Salí de la casa. El mundo exterior parecía distinto, como si el aire mismo hubiera cambiado de peso. El cielo, antes azul y despejado, ahora se veía cargado, de un tono grisáceo y pesado, como si las nubes temieran moverse tras la furia que acababa de desatarse. Caminé despacio por la calle, y a mi paso la gente se detenía, mirando con ojos muy abiertos las grietas profundas que surcaban el pavimento, las ventanas rotas de las fachadas, el polvo que todavía flotaba en el aire en remolinos lentos. Los coches estaban detenidos en medio de la calzada, las luces de emergencia parpadeaban en la distancia con un ritmo inquietante, y el murmullo de la confusión se mezclaba con el ulular de las alarmas de la policía y los bomberos.

Me detuve un instante y miré atrás, hacia donde quedaba aquella casa. Vi las paredes agrietadas, el techo parcialmente hundido, los escombros esparcidos por todas partes como la huella de un golpe gigantesco. Vi la destrucción que mi propia risa había provocado, y sonreí. No era una sonrisa de crueldad, sino de fría y absoluta satisfacción. Aquello era solo el principio, una pequeña muestra de lo que era capaz. Si habían querido ver al destructor, les había concedido su deseo. Y aún no habían visto nada.

Seguí caminando hacia el hospital. Cada paso me acercaba más a él, y la furia que había ardido en mi pecho empezó a transformarse, lentamente, en algo más suave pero igual de intenso: un anhelo antiguo, profundo, que dolía en las entrañas. Mi hermano estaba allí, herido, frágil, solo entre extraños y paredes blancas. Y yo debía llegar a su lado antes de que algo más pudiera hacerle daño.

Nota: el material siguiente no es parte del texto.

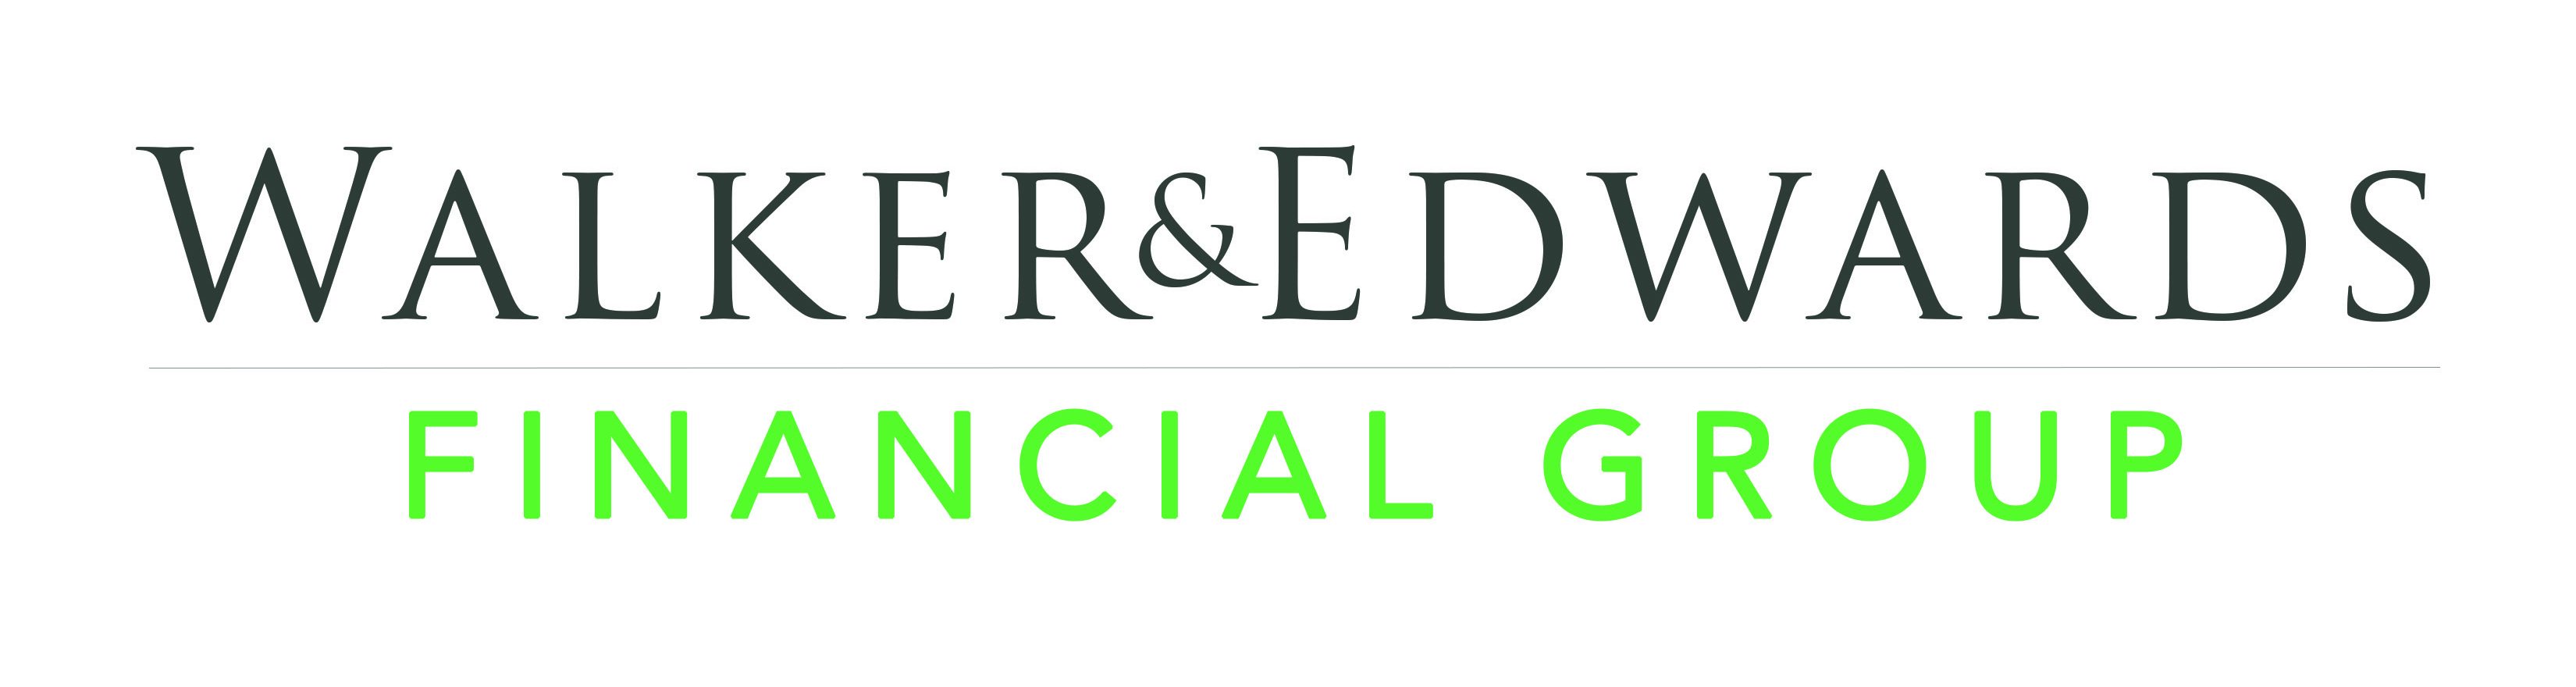 Walker Edwards Financial Group

Entré en el hospital. El olor a desinfectante, flores marchitas y medicina llenó mis sentidos, un aroma frío y estéril que nada tenía que ver con el olor a lluvia y pino que él amaba. Caminé por el pasillo principal con paso firme, y las enfermeras, los médicos y los visitantes se apartaban instintivamente a mi paso, bajando la mirada sin saber por qué, sintiendo que había algo en mí que no encajaba entre aquellas paredes blancas y limpias, algo demasiado grande, demasiado antiguo para estar allí.

Y entonces la vi.

Estaba de pie en medio del pasillo, justo frente a la puerta de la habitación, sin haber entrado todavía. Miraba hacia la entrada, inquieta, dando pequeños pasos de un lado a otro, retorciéndose las manos, como si cada segundo de espera Fuera un año. Tenía el cabello suelto, un jersey descolorido y los ojos hinchados y rojos de tanto llorar. No había visto a nadie salir. No había entrado a la habitación. No había visto al verdadero Cástor tendido en la cama. Para ella, yo era él. Y en cuanto me vio llegar, sus ojos se iluminaron de golpe, con una luz tan pura y tan desesperada que casi me detuve en seco.

No retrocedió. No se quedó paralizada de miedo como todos los demás. Corrió hacia mí.

Sin dudarlo un instante, sin preguntar, sin vacilar, se lanzó a mis brazos y me abrazó con toda su fuerza, apretándose contra mí como si temiera que si me soltaba, desaparecería. Su respiración era agitada, su corazón latía desbocado contra mi pecho, y su calor, su aroma, su ternura… todo era sincero, sin ninguna mentira, sin ningún temor.

—¡Cástor! —exclamó, con la voz rota por el alivio, temblando entera—. Me dijeron que estabas grave… que habías caído desde muy alto… que podías no despertar nunca… ¡Pero qué bueno que estés bien! ¡Qué bueno que estés aquí! ¡No sabes cuánto te he echado de menos!

Me quedé completamente inmóvil bajo su abrazo, congelado. Nadie me había abrazado así en siglos. Nadie me había mirado con tanta luz y tanta esperanza. Nadie se había atrevido a tocarme sin miedo desde que el mundo era joven. Su calidez era real, su afecto era verdadero… y yo no era él. Yo no era el chico que ella amaba. Yo era el dios que lo había tomado su lugar.

Con infinita suavidad, puse mis manos sobre sus hombros y la alejé lentamente, sin brusquedad, pero con una firmeza que no admitía réplica. La miré a los ojos, y en mi mirada no había rastro de la sonrisa que llevaba fuera. Solo había seriedad, y una tristeza profunda que yo mismo no lograba comprender.

—Y tú… ¿quién eres? —pregunté, con voz baja y cuidadosa, como si temiera que las palabras mismas pudieran romperla.

Ella parpadeó, confundida, y la sonrisa que aún tenía en los labios se desvaneció poco a poco, reemplazada por una perplejidad dolorosa.

—¿Yo…? —susurró, como si no creyera lo que acababa de oír—. ¿Cástor? ¿No… no me reconoces?